In time, Herminia sent her child to
a day-school. Though she had always taught Dolly
herself as well as she was able, she felt it a matter
of duty, as her daughter grew up, to give her something
more than the stray ends of time in a busy journalist’s
moments of leisure. At the school, where Dolly
was received without question, on Miss Smith-Water’s
recommendation, she found herself thrown much into
the society of other girls, drawn for the most part
from the narrowly Mammon-worshipping ranks of London
professional society. Here, her native tendencies
towards the real religion of England, the united worship
of Success and Respectability, were encouraged to
the utmost. But she noticed at times with a shy
shrinking that some few of the girls had heard vague
rumors about her mother as a most equivocal person,
who didn’t accept all the current superstitions,
and were curious to ask her questions as to her family
and antecedents. Crimson with shame, Dolly parried
such enquiries as best she could; but she longed all
the more herself to pierce this dim mystery.
Was it a runaway match? with the groom,
perhaps, or the footman? Only the natural shamefacedness
of a budding girl in prying into her mother’s
most domestic secrets prevented Dolores from asking
Herminia some day point-blank all about it.
But she was gradually becoming aware
that some strange atmosphere of doubt surrounded her
birth and her mother’s history. It filled
her with sensitive fears and self-conscious hesitations.
And if the truth must be told, Dolly
never really returned her mother’s profound
affection. It is often so. The love which
parents lavish upon their children, the children repay,
not to parents themselves, but to the next generation.
Only when we become fathers or mothers in our turn
do we learn what our fathers and mothers have done
for us. Thus it was with Dolly.

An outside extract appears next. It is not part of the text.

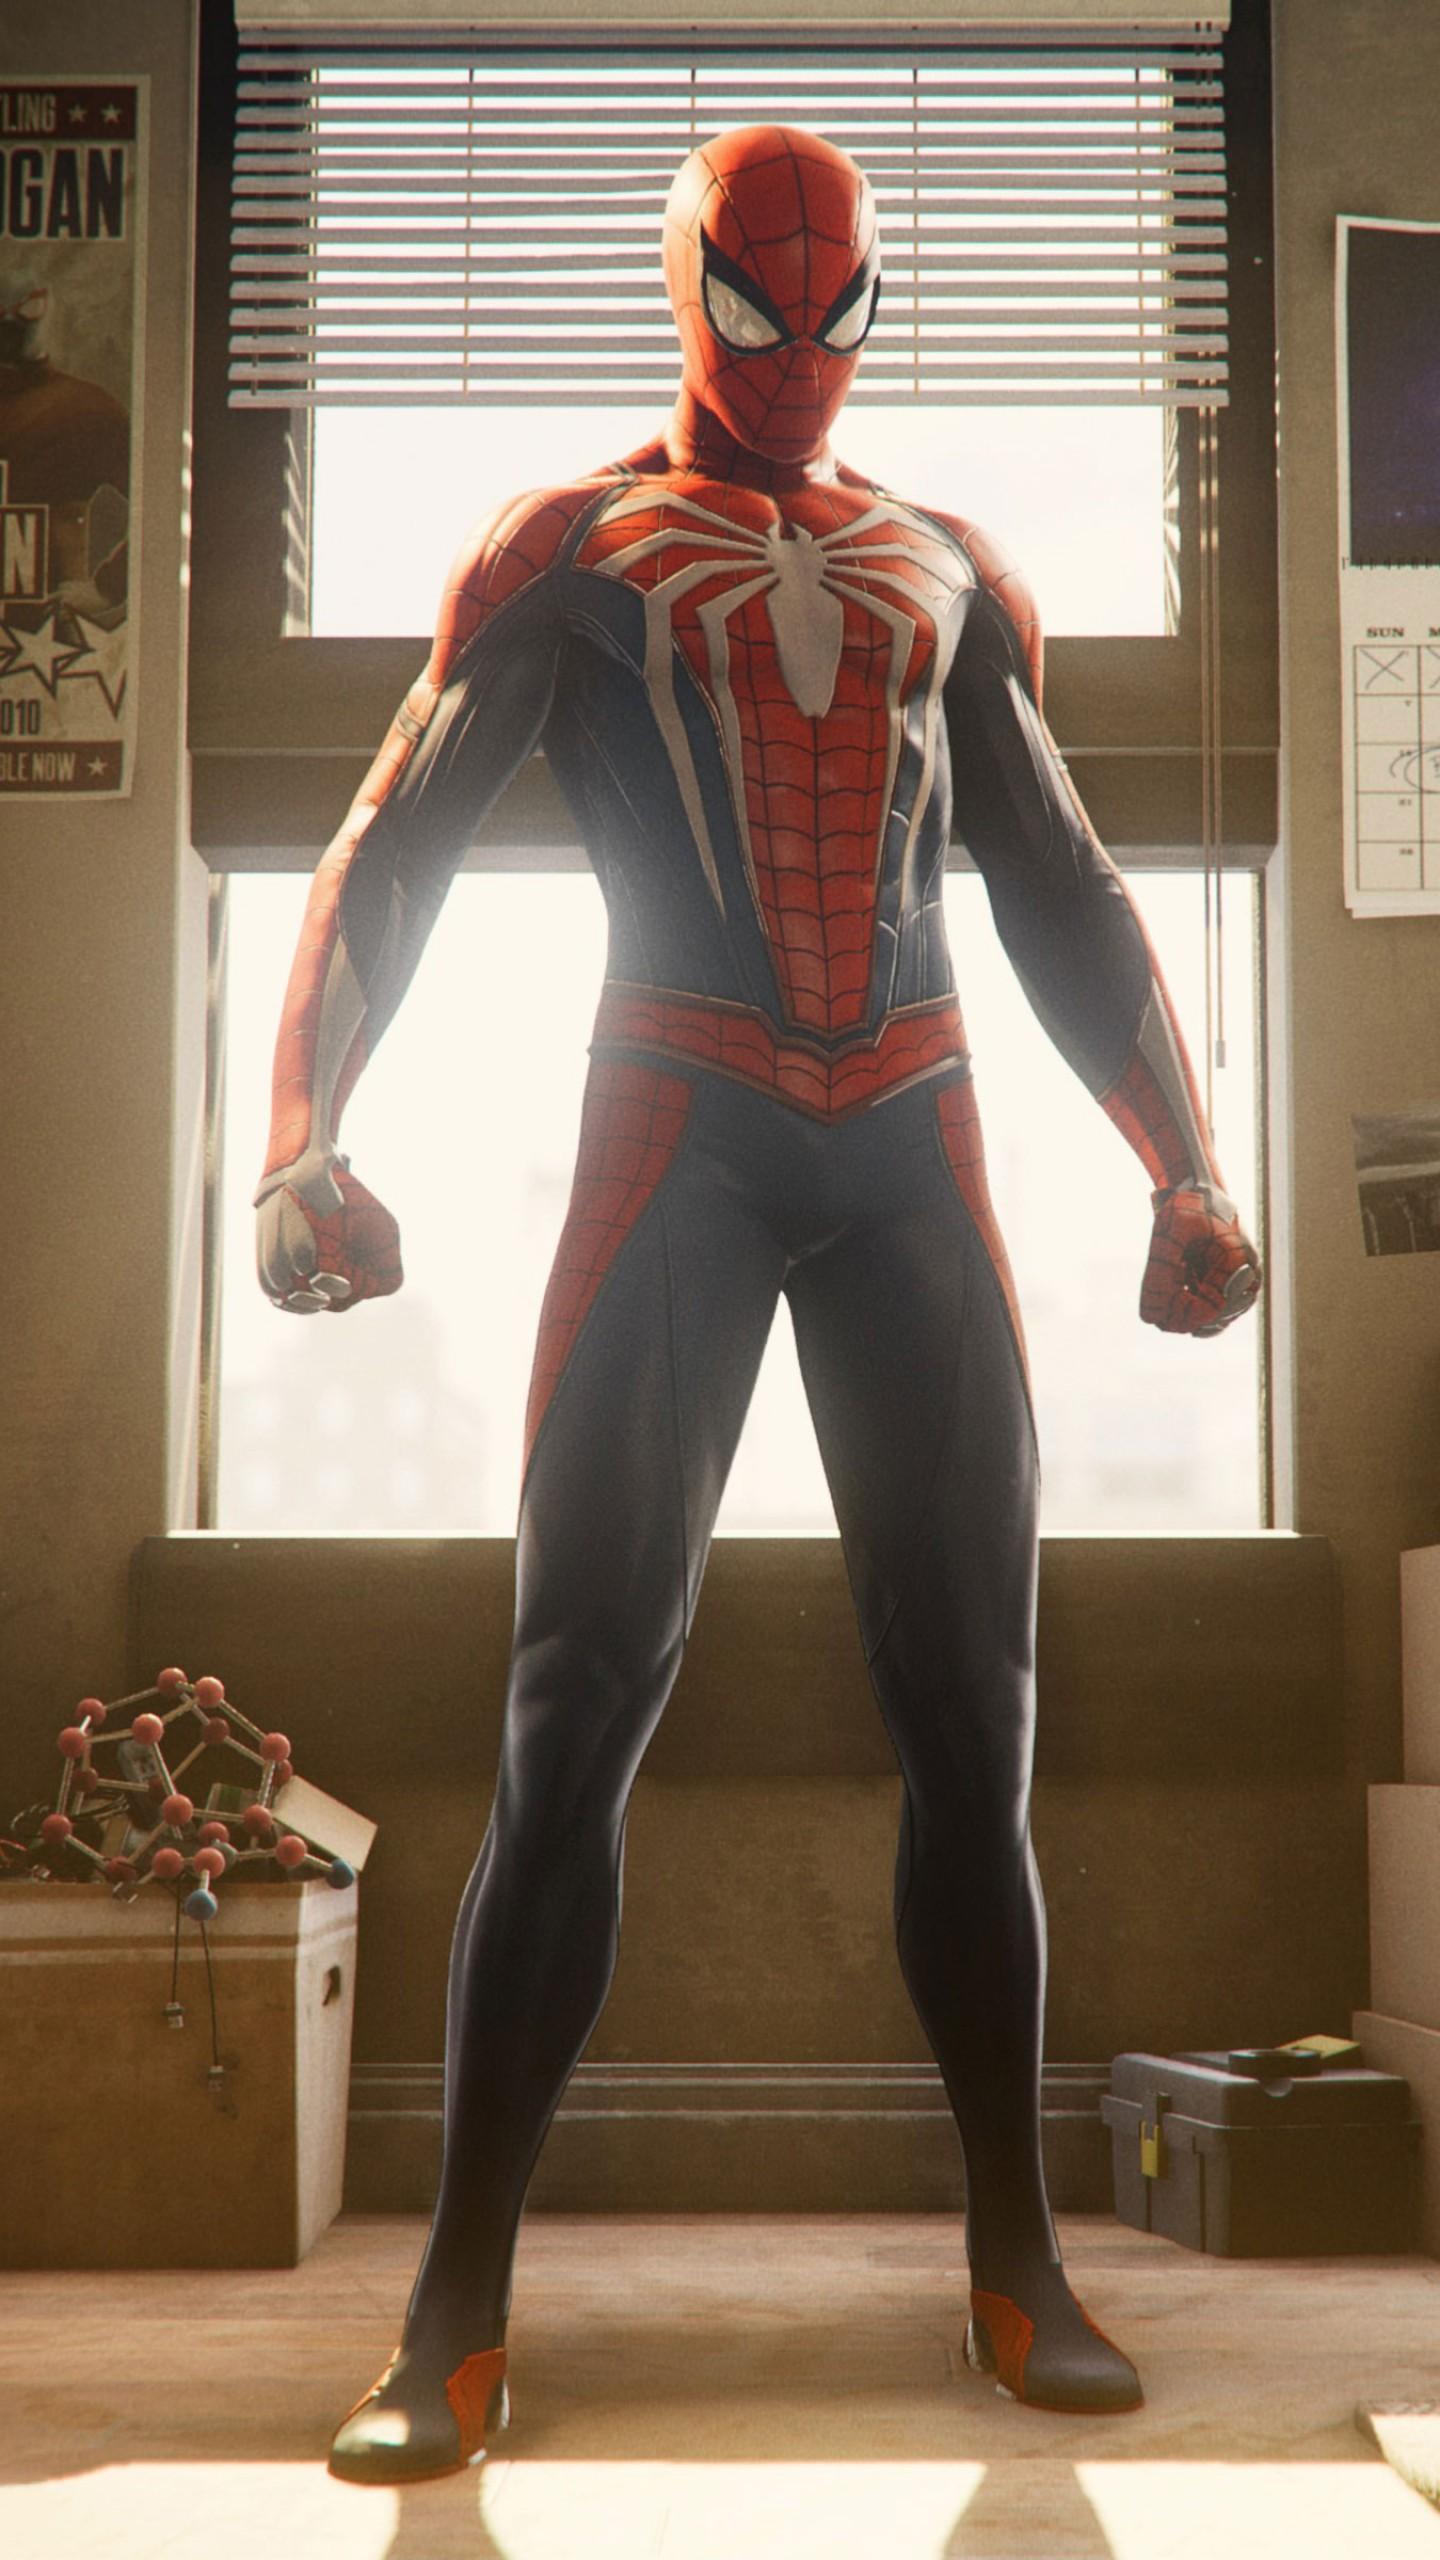 Spiderman Wallpaper Game
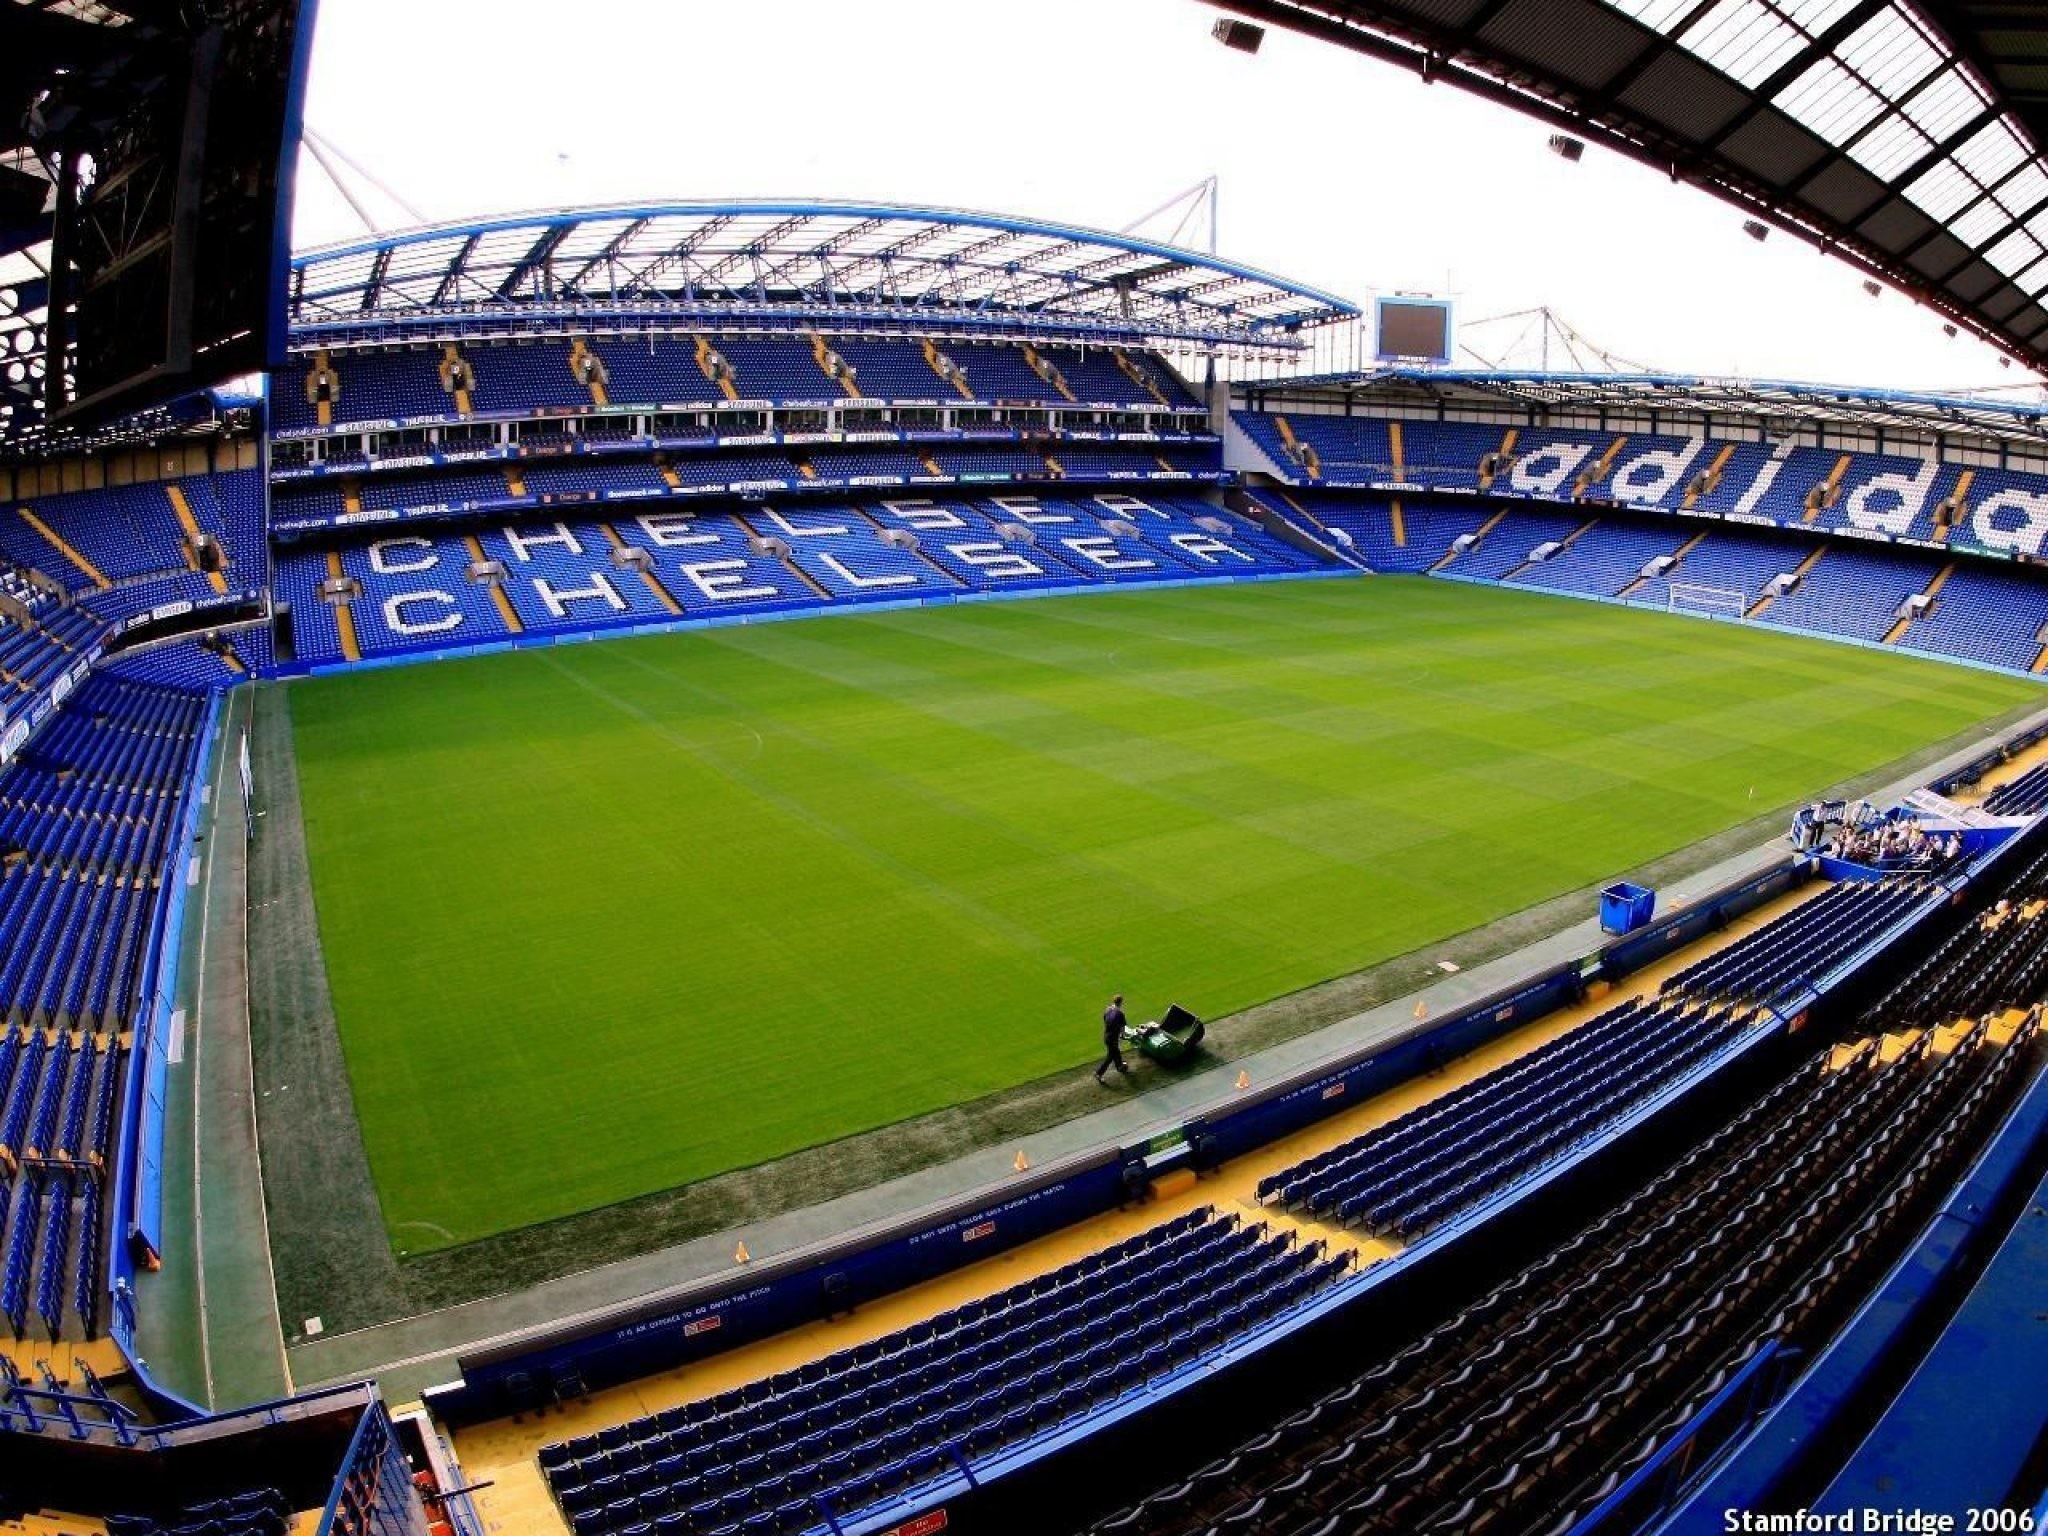 Stamford-Bridge-Stadium-Sports-Football-Chelsea-HD-Wallpaper.jpg

When once
the first period of childish dependence was over, she
regarded Herminia with a smouldering distrust and
a secret dislike that concealed itself beneath a mask
of unfelt caresses. In her heart of hearts,
she owed her mother a grudge for not having put her
in a position in life where she could drive in a carriage
with a snarling pug and a clipped French poodle, like
Aunt Ermyntrude’s children. She grew up,
smarting under a sullen sense of injustice, all the
deeper because she was compelled to stifle it in the
profoundest recesses of her own heart.